Slow MySQL queries in Python but fast elsewhere

I'm having a heckuva time dealing with slow MySQL queries in Python. In one area of my application, "load data infile" goes quick. In an another area, the select queries are VERY slow.
Executing the same query in PhpMyAdmin AND Navicat (as a second test) yields a response ~5x faster than in Python.
A few notes...
I switched to MySQLdb as the connector and am also using SSCursor. No performance increase.
The database is optimized, indexed etc. I'm porting this application to Python from PHP/Codeigniter where it ran fine (I foolishly thought getting out of PHP would help speed it up)
PHP/Codeigniter executes the select queries swiftly.
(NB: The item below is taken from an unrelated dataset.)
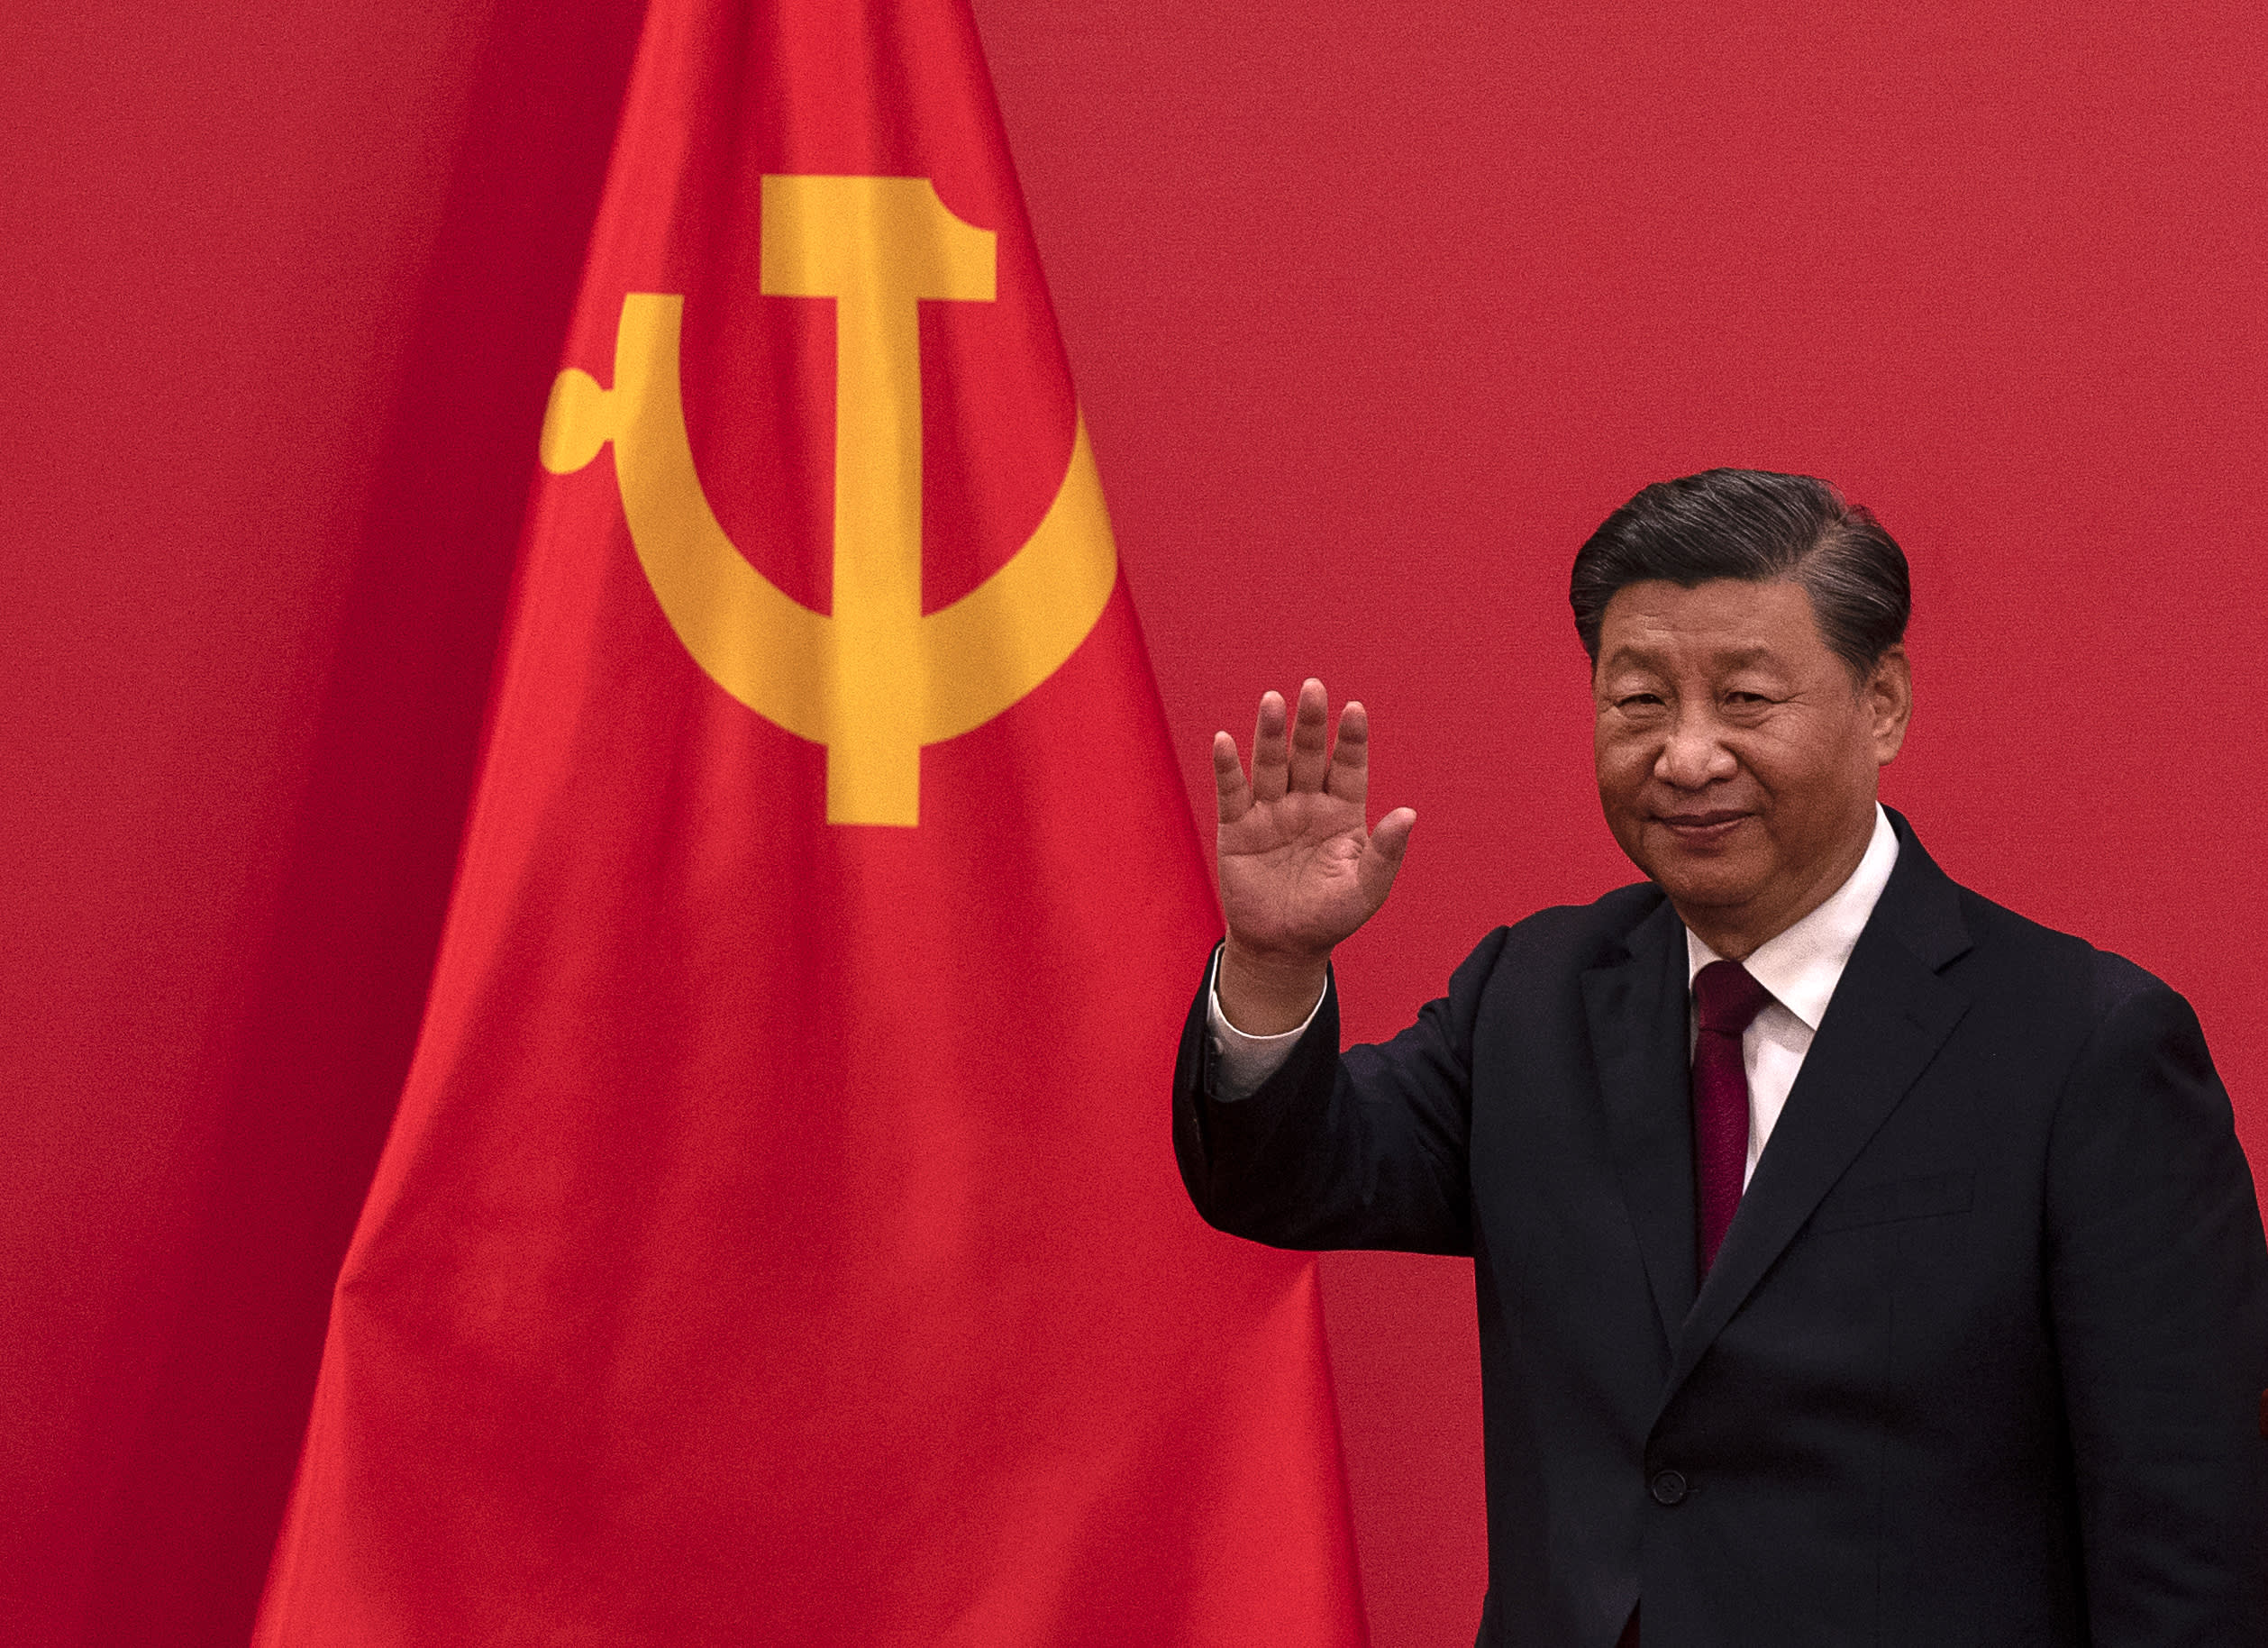 चीन के शी अभूतपूर्व तीसरे कार्यकाल के लिए राष्ट्रपति चुने गए हैं

For example, one key aspect of the application takes ~2 seconds in PHP/Codeigniter, but is taking 10 seconds in Python BEFORE any of the analysis of the data is done.
My link to the database is fairly standard...
dbconn=MySQLdb.connect(host="127.0.0.1",user="*",passwd="*",db="*", cursorclass = MySQLdb.cursors.SSCursor)
Any insights/help/advice would be greatly appreciated!
UPDATE
In terms of fetching/handling the results, I've tried it a few ways. The initial query is fairly standard...
# Run Query
cursor.execute(query)
I removed all of the code within this loop just to make sure it wasn't the case bottlekneck, and it's not. I put dummy code in its place. The entire process did not speed up at all.
db_results = "test"
# Loop Results
for row in cursor:
a = 0 (this was the dummy code I put in to test)
return db_results
The query result itself is only 501 rows (large amount of columns)... took 0.029 seconds outside of Python. Taking significantly longer than that within Python.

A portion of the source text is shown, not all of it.